In this example, we'll look at how you can use the Polygraphy API to run inference
with synthetic input data using ONNX-Runtime and TensorRT, and then compare the results
using two different comparison methods:
1. A simple comparison using absolute tolerance
2. A more comprehensive comparison using distance metrics (L2 distance, cosine similarity, and PSNR)
## Running The Example
1. Install prerequisites
* Ensure that TensorRT is installed
* Install other dependencies with `python3 -m pip install -r requirements.txt`
2. Run the example
```bash
python3 example.py
```
3. **[Optional]** Inspect the inference outputs from the example:
```bash
polygraphy inspect data inference_results.json
```
## Comparison Methods
The example demonstrates two approaches for comparing outputs:
- **Simple Comparison**: Uses absolute tolerance to determine if outputs match within a specified threshold.
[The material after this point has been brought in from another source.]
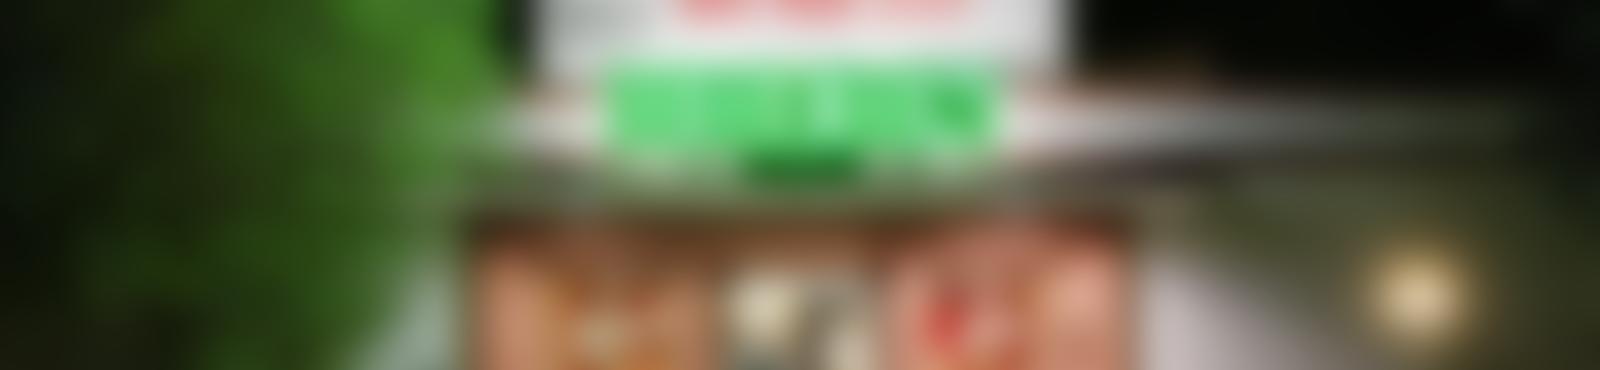 Blurred dh d 000092108 114 send

- **Distance Metrics**: Performs a more comprehensive comparison using multiple metrics including:
- L2 distance (Euclidean distance)
- Cosine similarity (measures the angle between vectors)
- PSNR (Peak Signal-to-Noise Ratio, useful for comparing image-like data)
These comparison methods help validate that frameworks produce equivalent results within acceptable margins.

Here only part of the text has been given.